Jericho still believed in the power and purpose of God forty years after they first heard He parted the Red Sea for His people. That's tough.
What's even tougher? Israel still believed in their God after four hundred years.
And not just once.
When I say "four hundred years," you might first start thinking about their captivity in Egypt, which would be a good place to start. But there were also somewhere around 400 years between the end of our Old Testament and the start of our New Testament.
Four hundred years between the last authoritative word of the prophets and the birth of the promised Messiah. Then, Jesus shows up, and everyone is like, Could this be Him?

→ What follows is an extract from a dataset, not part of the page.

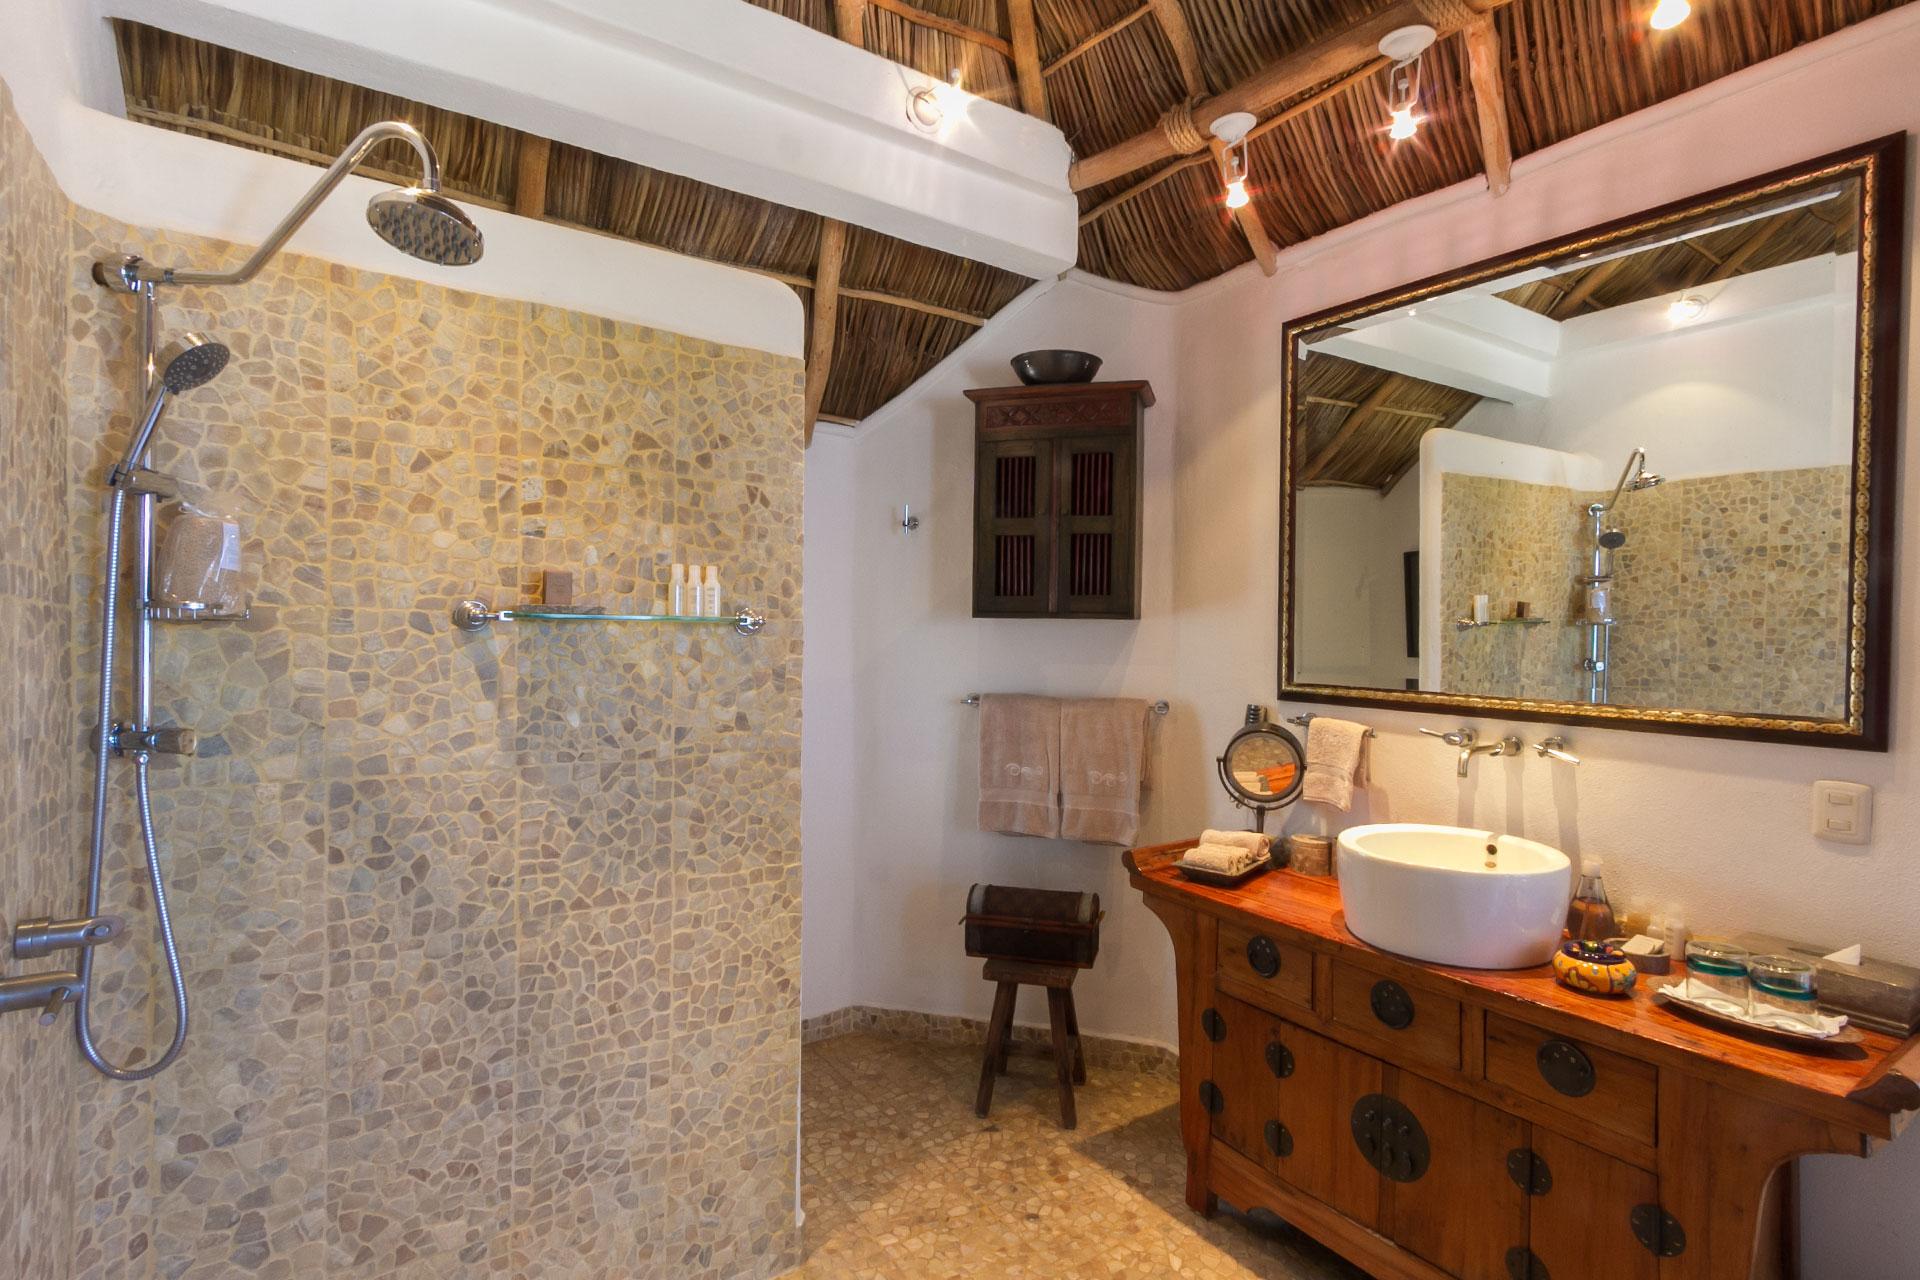 Moderno Bed Bath And Beyond Isla De Cocina Friso - Ideas de ...

Let me be honest with you: there are times when God has answered my prayer, answered His promise in my life, within a matter of weeks, sometimes even days, and here I am, wondering if that's Him or not. Questioning whether that's the answer. Unsure about whether this is really the holy thing I've been waiting on or not.

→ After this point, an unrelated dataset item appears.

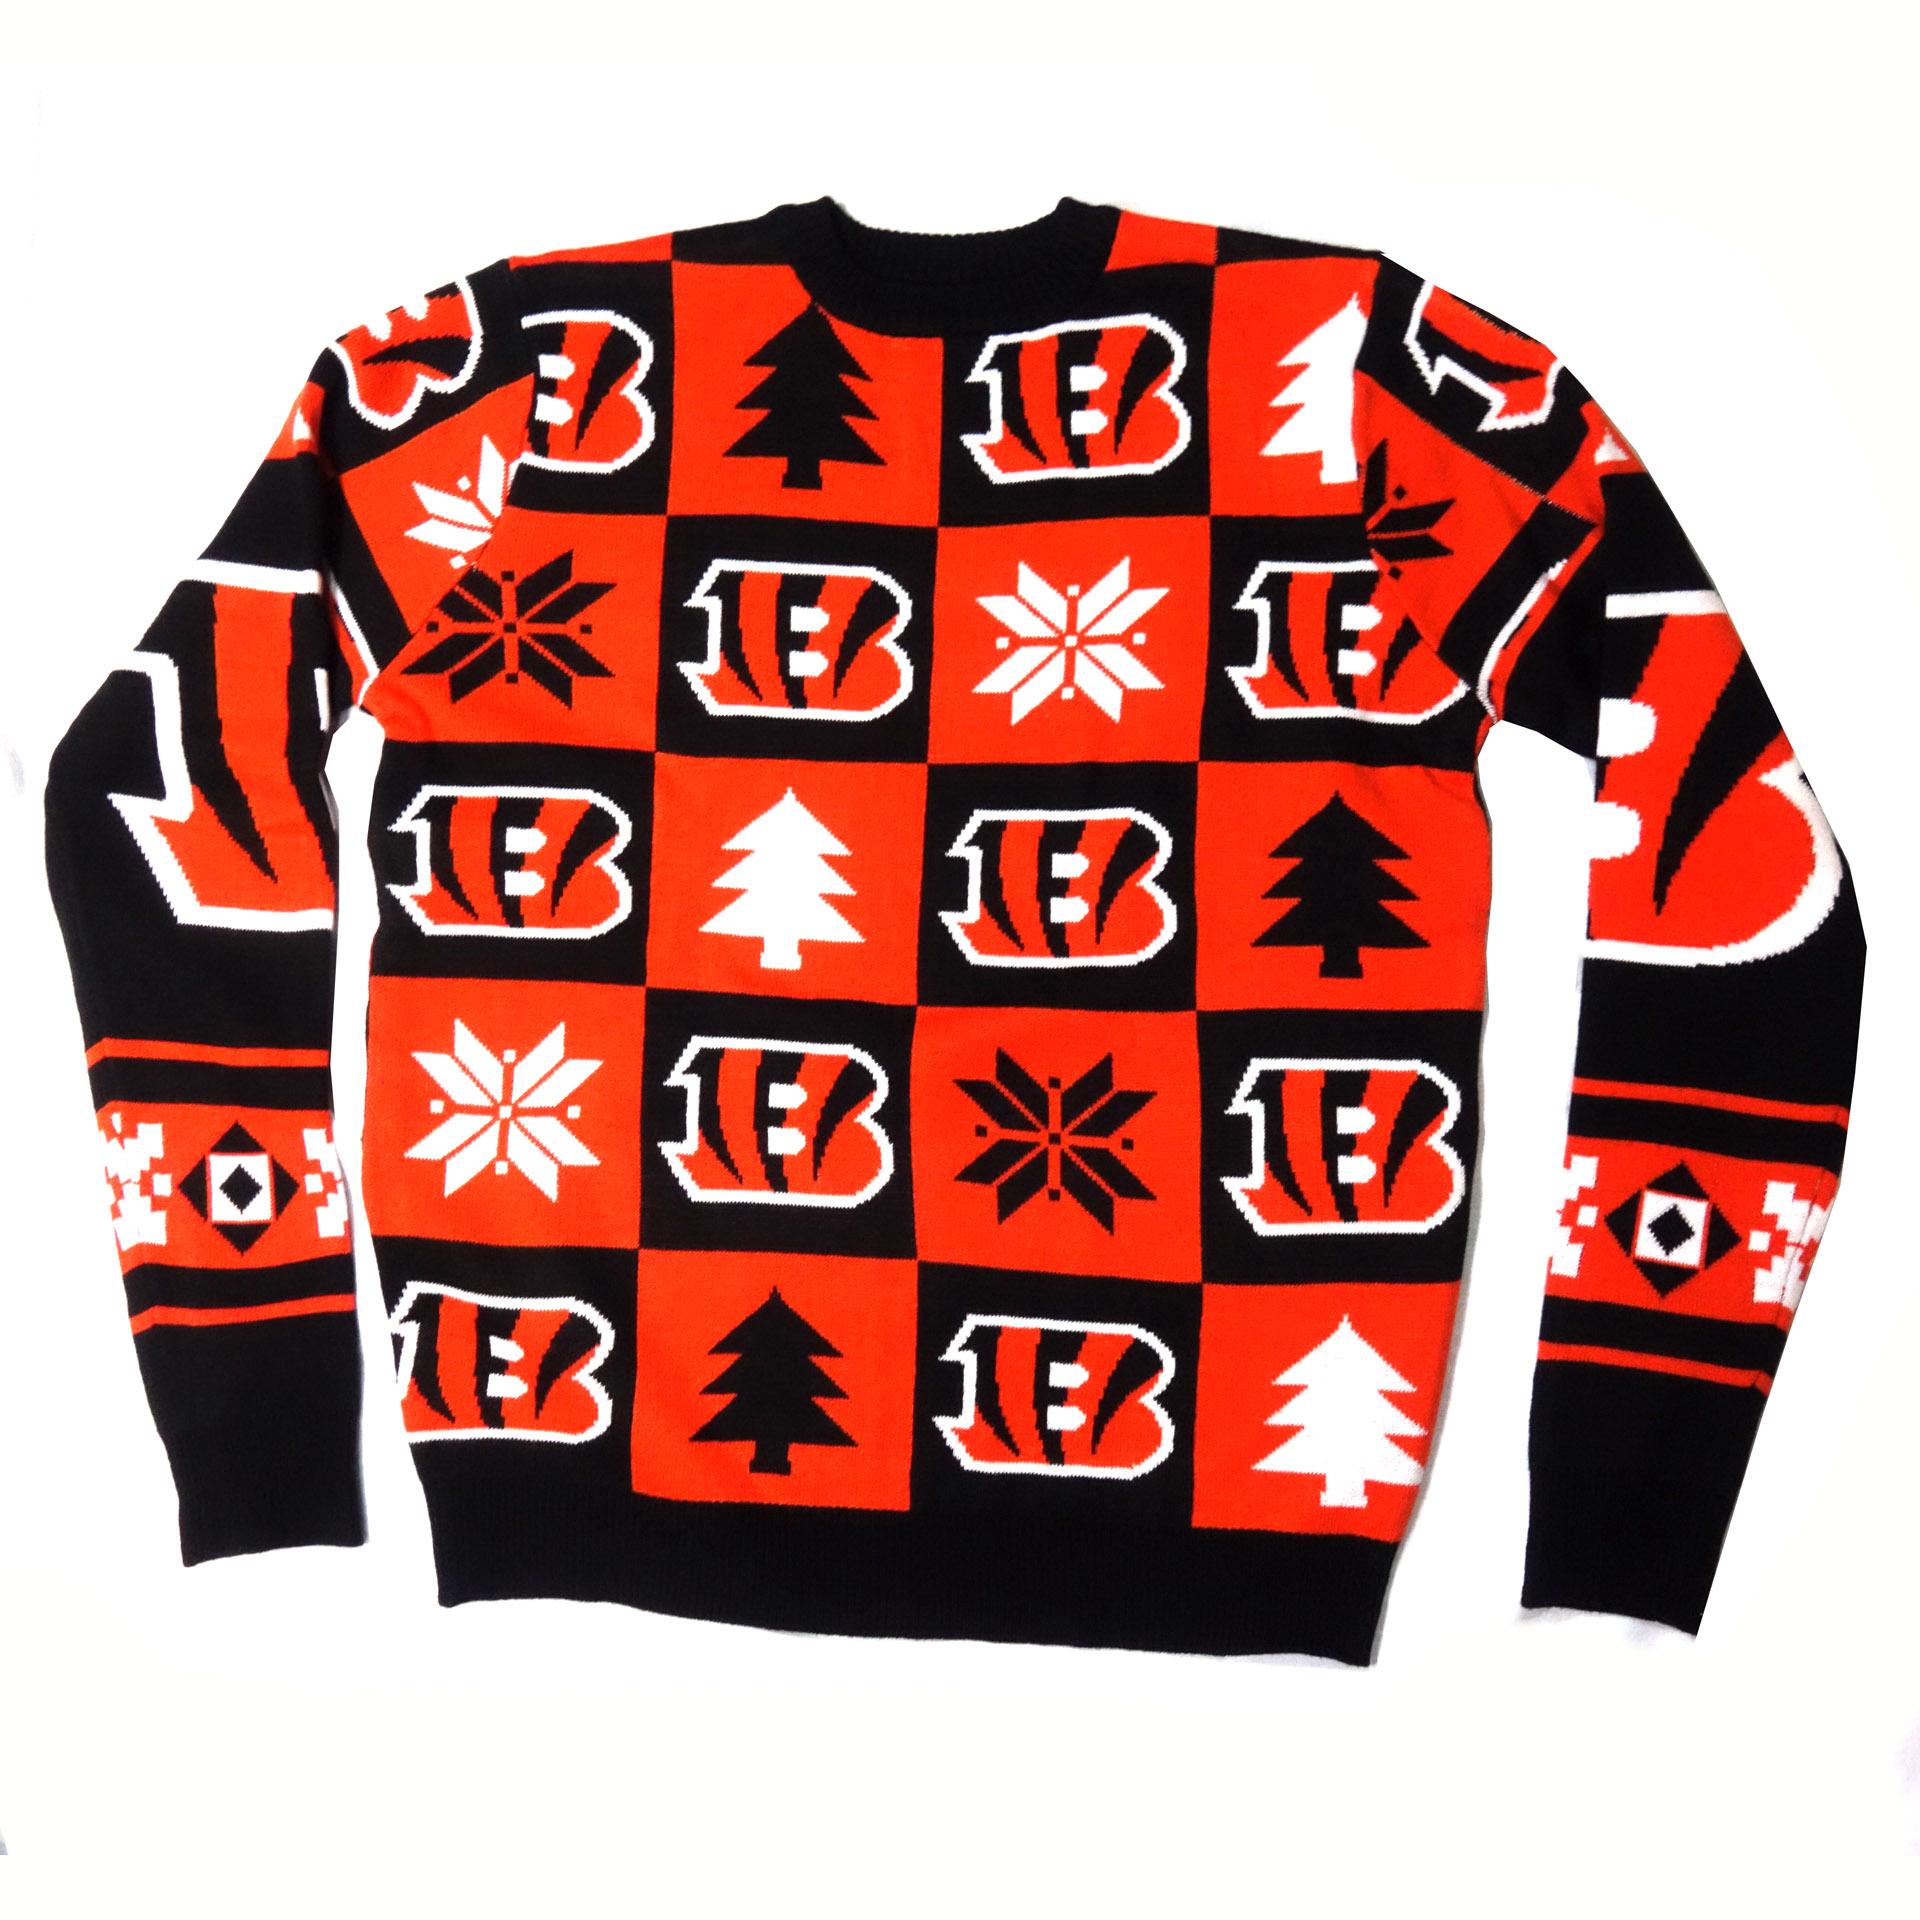 NFL Ugly Sweater Cincinnati Bengals Schachbrettmuster Weihnachtspullover

Convinced, if we're being confessional here, that it's probably not.
I just have a hard time believing God for a long time. The longer I have to believe, the less it seems that I do. The more I have to trust that that thing He talked about is still happening, the easier it is to convince myself that it's not. Oh, I still believe it might be, but not in my lifetime. I start to conceptualize in my head all of the contorted ways that He might still fulfill that promise through me, even if I don't actually see it in my own life.
I think a lot of us do these kinds of mental gymnastics. Heart gymnastics. It's hard for us to hold on to hope for very long at all. It's hard for us to keep believing that God is still working when we can't see that happening right in front of our faces.

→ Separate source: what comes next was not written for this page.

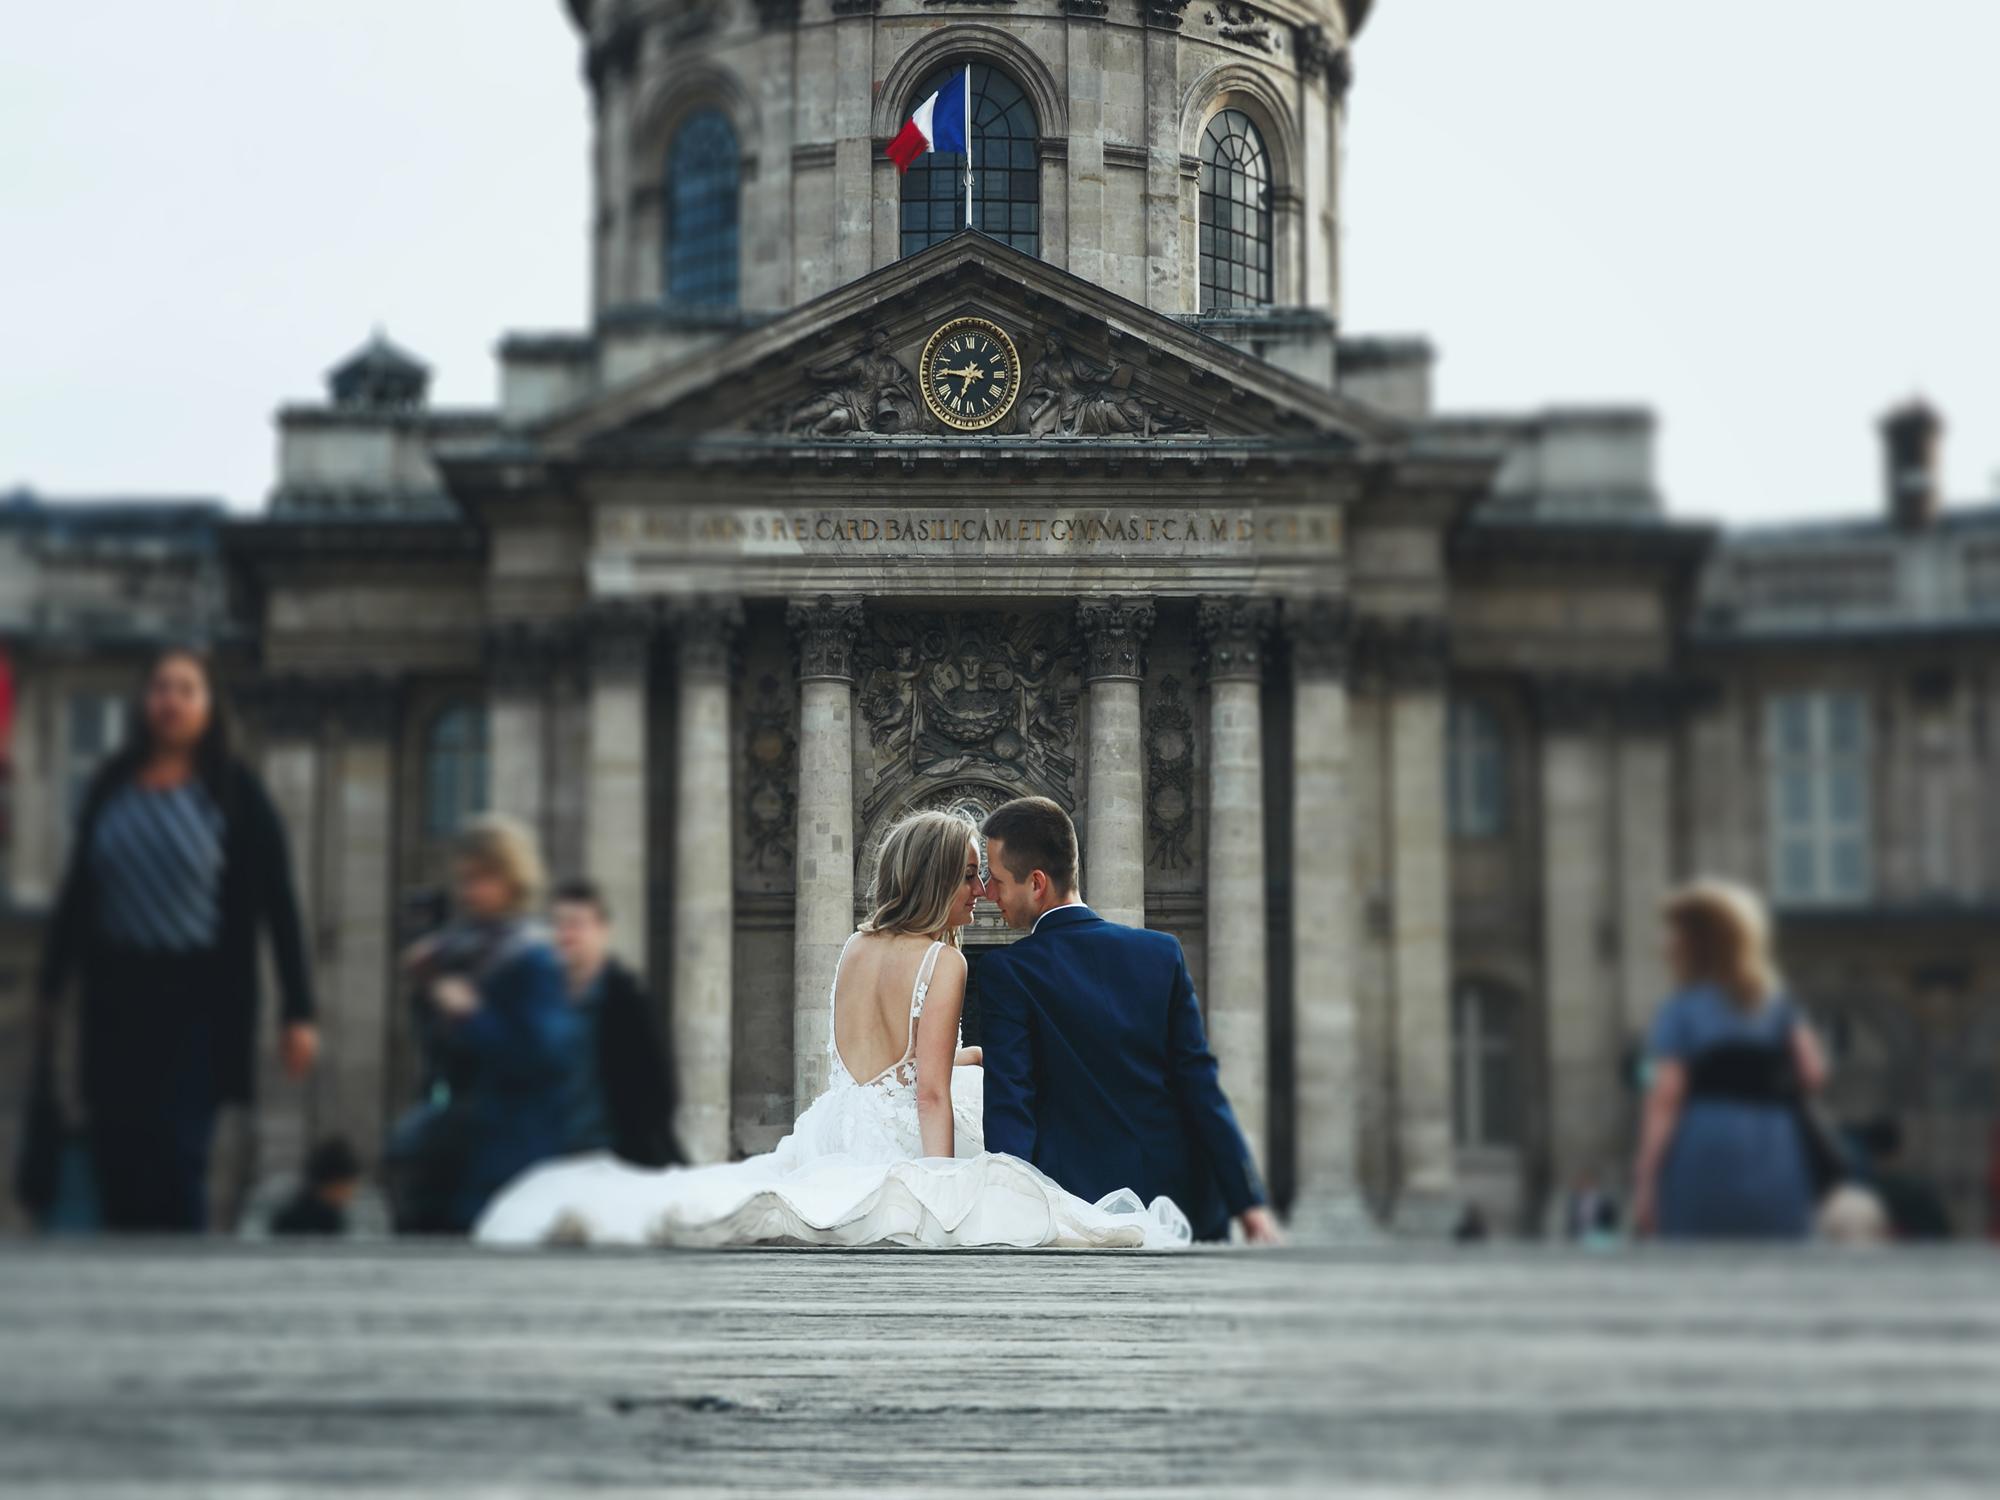 Le mariage, nouveau motif impérieux pour rentrer en France

We know in our hearts that it's a journey that ought to take less than two weeks. We know that. So when that third week comes, we start to reconsider things. Certainly, by the end of the first year. Definitely by the end of the second.
We can't fathom what four hundred years even feels like. To put that in perspective, four hundred years ago, America didn't exist as a nation. Not even as a colony. We were right on the edge of Jamestown, if my memory of history serves me right. There was no internet, no cell phones, no television. No radio. How about this one? The King James Bible was just starting to be printed. And not for everyone.
Think about that. Think about how much the world has changed in the past 400 years. Then, think about how God's people were so convinced about what God was doing that despite four hundred years of change, they still looked at a little baby in Bethlehem, at a carpenter's son on the streets of Galilee, and whispered among themselves, Could this be Him?
I'm telling you - I want that kind of faith.